# Horror



## kidstaple (Nov 19, 2006)

OK, I just finished reading a few Horror books, that I would Highly recommend..... 
1. In Silent Graves
By: Gary A. Braunbeck
2. Bad Things
By: Tamara Thorne

Both were amazing!!!!

Now I'm reading:
1. The Rising
By: Brian Keene

Good So far!!!!

And, I checked some books out from the Library, just yesterday, for Thanksgiving break, all of which I am looking forward to reading:
1. City of the Dead
By: Brian Keene (Second part to The Rising)
2. Moonfall
By: Tamara Thorne
3. A Lower Deep
By: Tom Piccirilli
4. The Devil in Gray
By: Graham Masterson

If there are any books, that any of you have read, that are Horror, and thought were good, could you please share them????


----------



## FrankieDWK (Nov 27, 2006)

One of my favorite all time horror books has always been Amityville Horror.  Granted I'm not old enough to have read it before it was made in to a movie, but I did read it before it was made in to a movie...again.  If you've never read it give it a shot.  You either love it or you don't, I've found with a lot of people there is no in between on this one.

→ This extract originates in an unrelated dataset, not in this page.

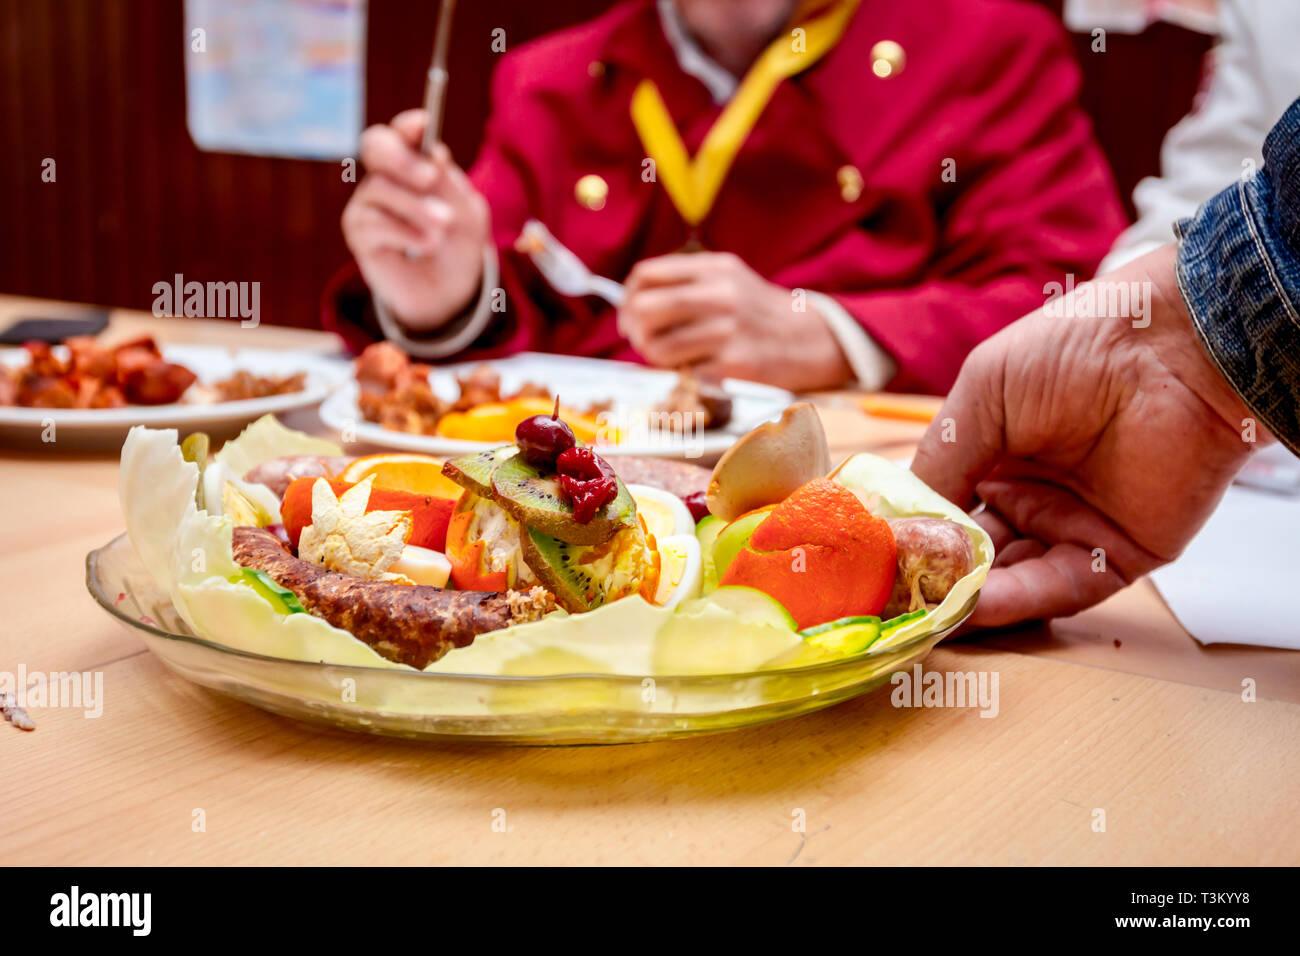 Les juges vont évaluer les meilleures saucisses avec des légumes frais qui sont exposés sur la saucisse traditionnel tournoi. Photo Stock

I'll try and check out some of the ones you posted up here when I'm done with my next four books.

Ciao


----------



## kidstaple (Nov 28, 2006)

Thanks for the book.... I appreciate it!!!!


----------



## The Thing (Nov 28, 2006)

I noticed you had Graham Masterton on your list of books you rented from the library. He comes highly recommended. One of my favourite authors. Although I haven't read The Devil In Grey. I'd recommened: 
The Manitou series(Manitou, Revenge of The Manitou, Buriel, Blood Of The Manitou)
Tengu 
Charnel House
The Pariah 
Mirror
The Hymn

Other authors:

James Herbert (The Rats trilogy(The Rats, Lair, Domain), The Fog)
Shaun Hutson (Slug, White Ghost)
Clive Barker (Books of Blood, Hellboud Heart)
Richard Laymon - all of them.


----------



## slayerofangels (Nov 28, 2006)

I'm not sure about proper horror stories, but I can reccommend a few terror anthologies like "Masterpieces of Terror and the Supernatural"


----------



## kidstaple (Nov 28, 2006)

Thanks, I appreciate all of the ideas!!!!


----------



## Seras (Nov 29, 2006)

Recently I have really been getting into H.P. Lovecraft (<i>The Best of H.P. Lovecraft: Blood Curdling Tales of Horror and the Macabre<i>).  I even have my own Cthulu plushie, he has a santa hat and little plush jingle bells on the end of his tentacles ^.^  He looks so precious and yet so pissed off at the same time   Course if I was a tentacle God monster, I would get pissed off if I had to wear a fuzzy santa hat and have jingle bells on the end of my face tentacles... anyway

Cthulu Fghtagn!


----------